Tuesday, May 20, 2014

Moving On Up? Inflation and Your Weekly Update

This week, we return solidly to the financial world, where the last week brought some fascinating (if not disturbing) news on the inflation front: the most recent update of the Producer Price Index (PPI).

For those of us who remember the 80s, including 13% inflation, 12% money market interest rates and 14% mortgage rates, this most recent report was a bit unsettling. Though we’re nowhere near that kind of inflation and interest rate trend at this time, “oak trees from acorns grow.”

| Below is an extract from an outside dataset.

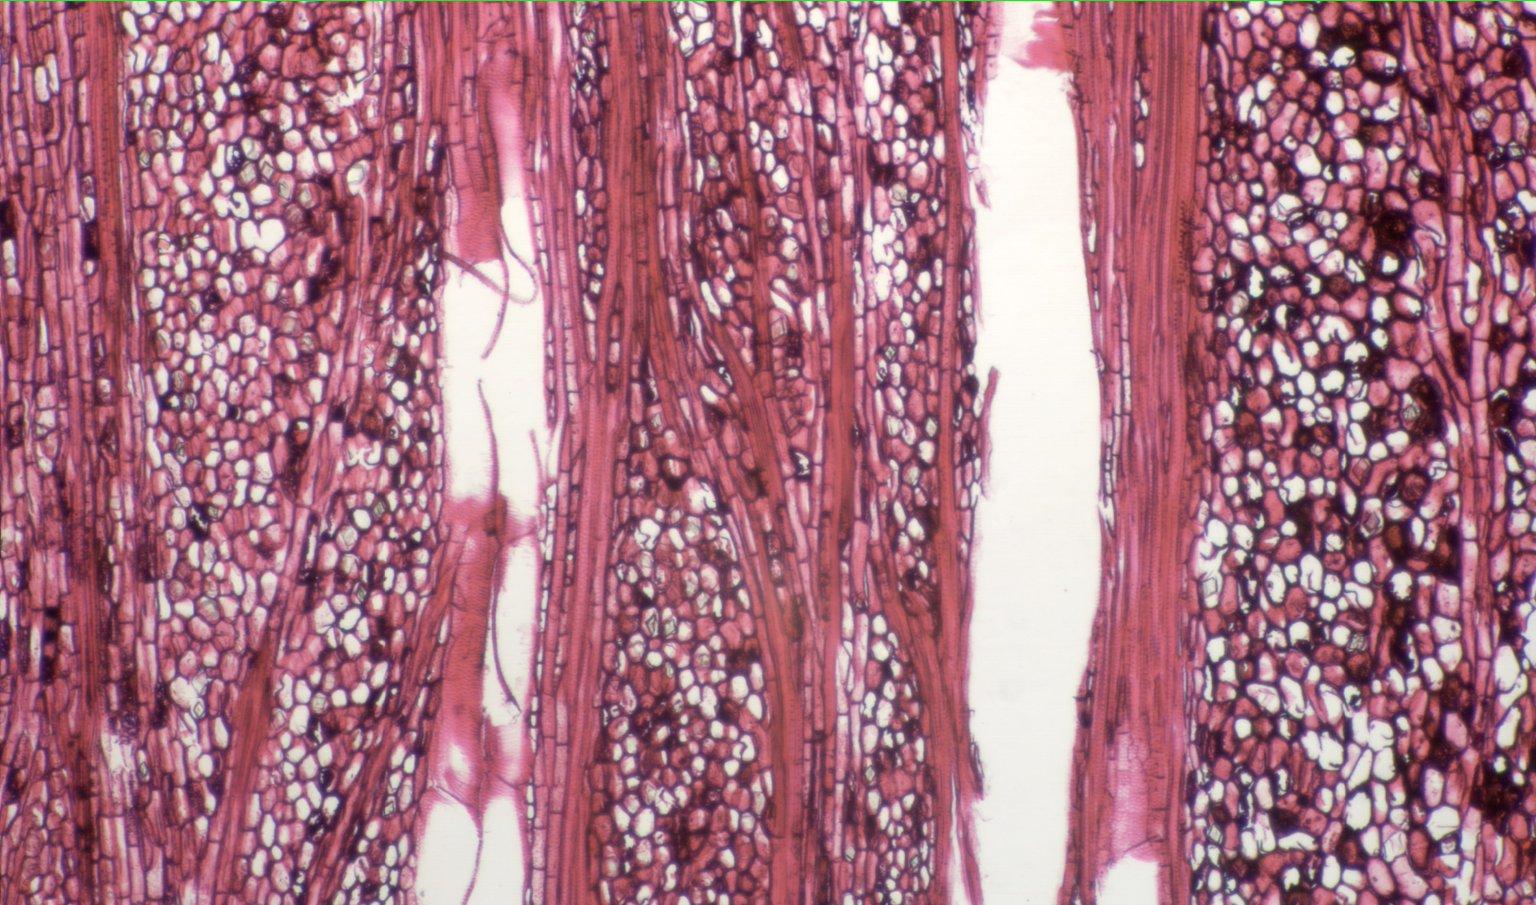 PASSIFLORACEAE Passiflora securiclata

We think you’ll find the attached enlightening… What’s your take?

Best always,
Lee and Jeremy

P.S. Jeremy just returned from an important investment conference in Orlando, Florida and we are glad to have him back! L& J


This Week’s Quote:
“Inflation is as violent as a mugger, as frightening as an armed robber and as deadly as a hit man.”
― Ronald Reagan


JL Davis Thoughts This Week:

In January, 1980 when Ronald Reagan took office as the 40th President of the United States, the inflation rate stood at 13.91%. For non-math majors (including your author), at that rate the price of goods and services doubles every five years. High inflation disproportionately hammers the poor and middle class who use a larger percentage of their income for basic living needs than do the wealthy. Suffice it to say those were tough times for the middle class and excruciating for the poor.

In terms of interest rates, the 1980 Prime Rate (the rate of interest charged by banks to the best borrowers) stood at 15.26%. Mortgage rates were 12-13%, or higher. Those with cash could earn taxable money market fund yields of over 12%. Your author remembers these times well; it was our fourth year in business.

So last week when reports came in that the Producer Price Index (PPI) jumped 0.6% in April, which was the biggest rise since September 2012, we were paying attention. So-called “core” PPI that excludes food and energy increased 0.5% which is more than double the average recent forecast of many economists. For those of us who like to eat, meat prices surged 8.4%, the biggest increase since 2003. Egg prices are up 44.3% over twelve months ago. Pork prices jumped 21% in just over a month. We could go on.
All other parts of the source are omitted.